Have you ever dreamed of easily eating cookies upside down and without feeling your blood flooding your head? Did you ever wonder what shapes would the smoke take where there’s no gravity from Earth? Did you ever want to catch food from the air easily with your teeth? Well, perhaps you should send a CV to NASA or CSA since members of these space agencies will experiment soon how it is to cook in space.
An oven has been sent recently to the International Space Station with the Cygnus capsule, so the astronauts will experiment the baking of cookies in space and see what impact heat and zero gravity will have on the shape of the cookies. The dough was provided by Hilton’s DoubleTree hotel chain, which hopes that the idea will make long-duration space travel “more hospitable”.
Anti-radiation vest and other unusual equipment sent to ISS
The Cygnus capsule has onboard a variety of other “toys” for the members of the International Space Station to play with, including car parts, and an anti-radiation vest. The shipment weighs about four tons.
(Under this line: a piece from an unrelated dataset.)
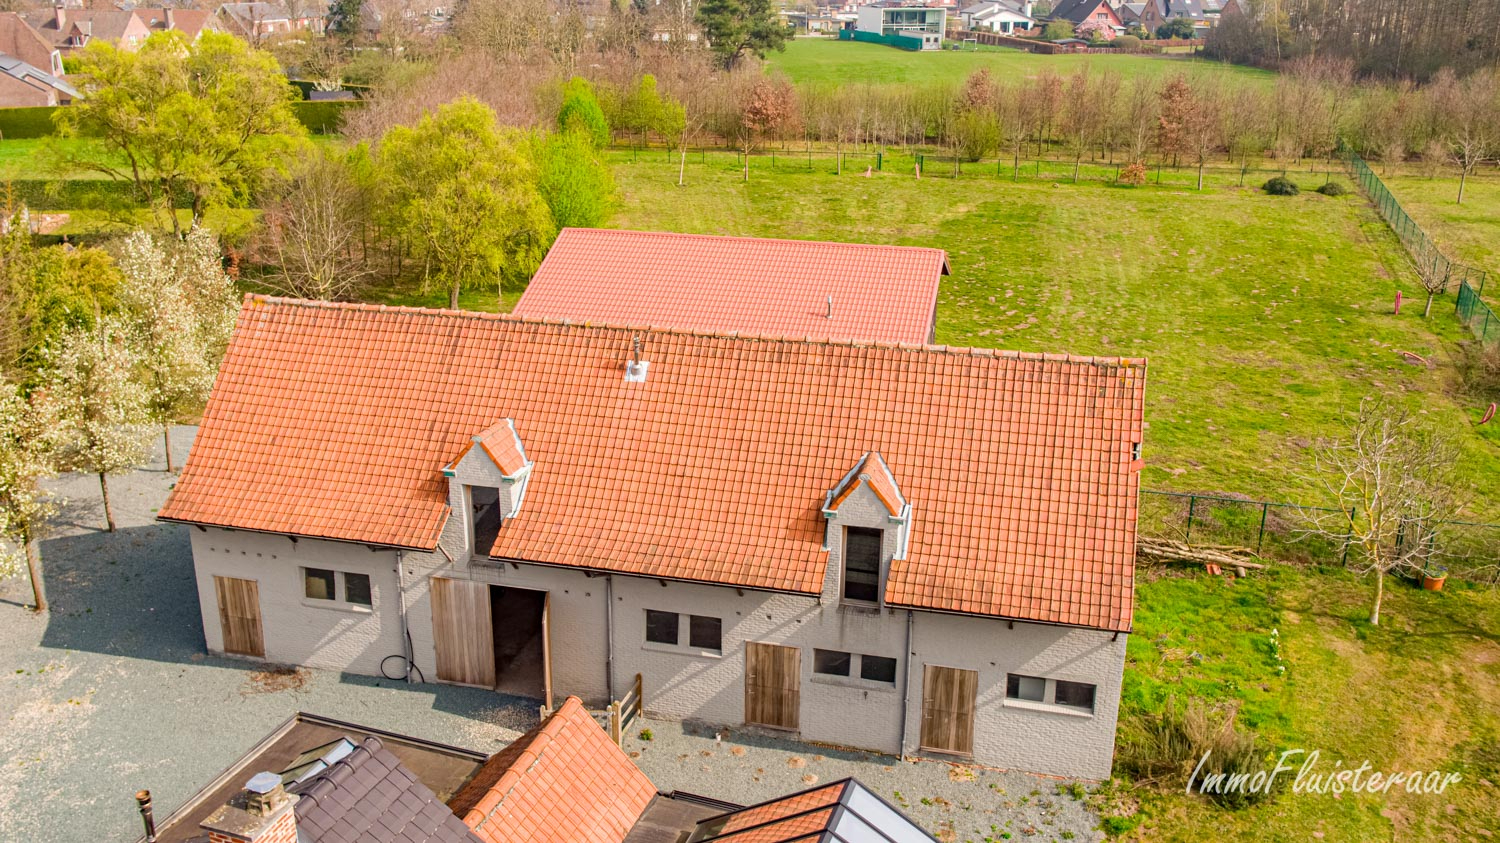 Property sold in Belsele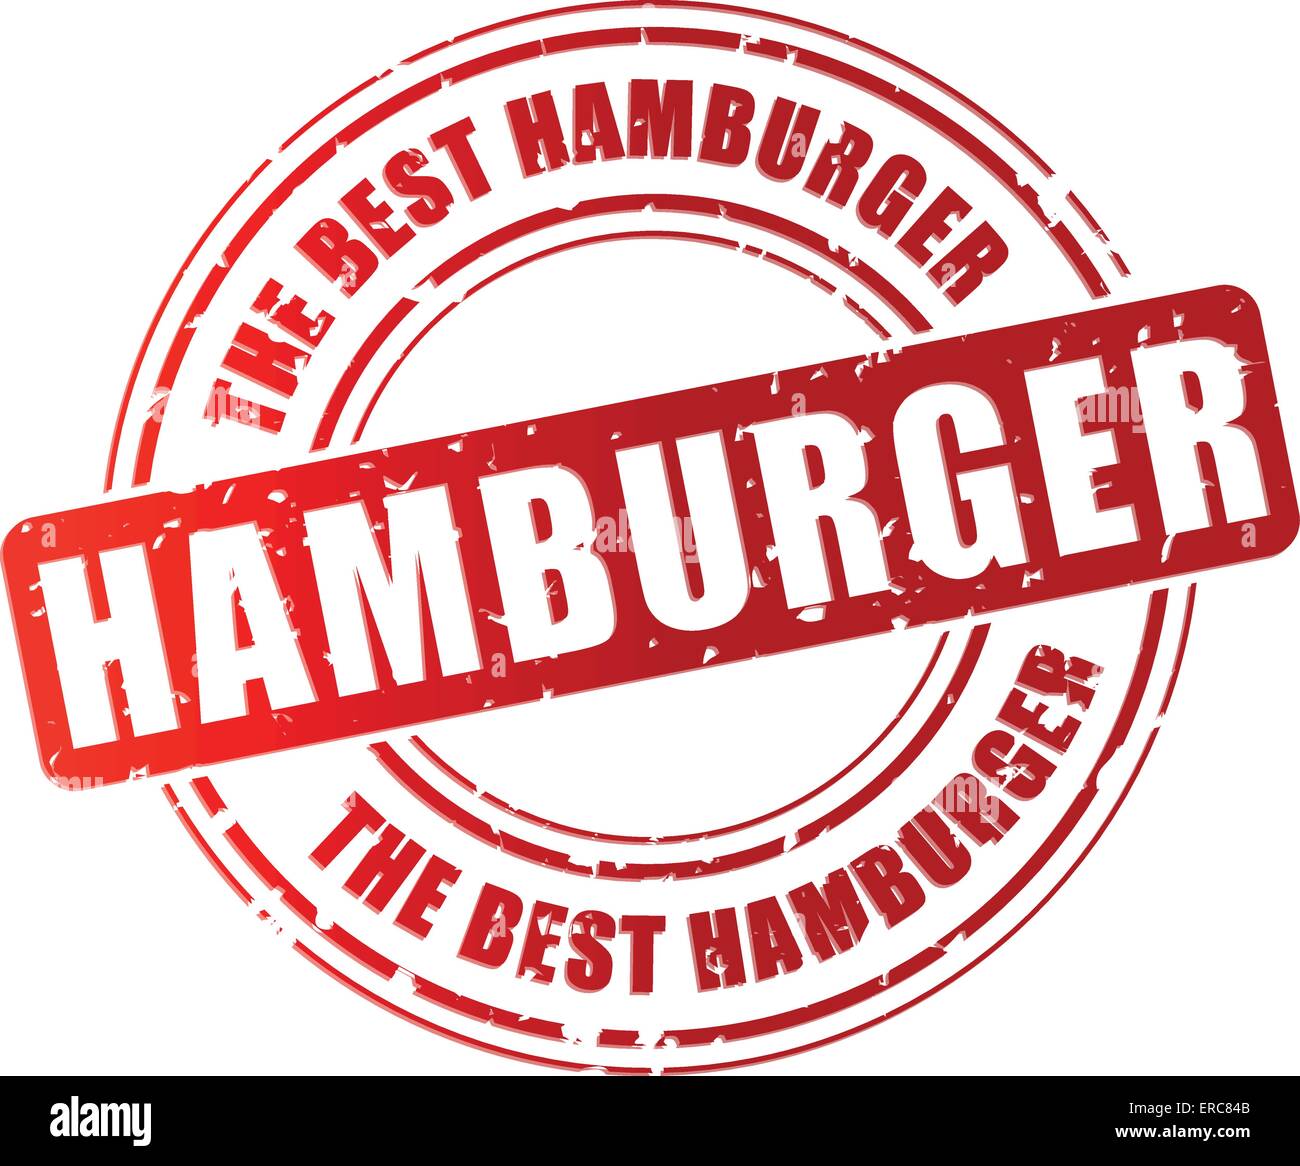 Vektor-Illustration der beste Hamburger roten Stempel Konzept Stock Vektor

Lamborghini has sent on ISS some samples of carbon fiber to examine the effects of space exposure.
NASA said in a statement regarding the experiment:
On future long-duration space missions, fresh-baked food could have psychological and physiological benefits for crew members, providing greater variety of flavor and better nutrition,
This investigation improves understanding of the process of cooking in space.
The oven is pretty normal since it works most like the electric toaster in many people’s homes, except that it will cook one single cookie at a time. After the baking of the cookie is finished, the samples are removed by the astronauts, and they will stow them on a cooling rack. After the cookies are cooled, the obvious comes next: they are eaten, but not until the astronomers will capture photos on them so that everybody will see the outcome of the experiment.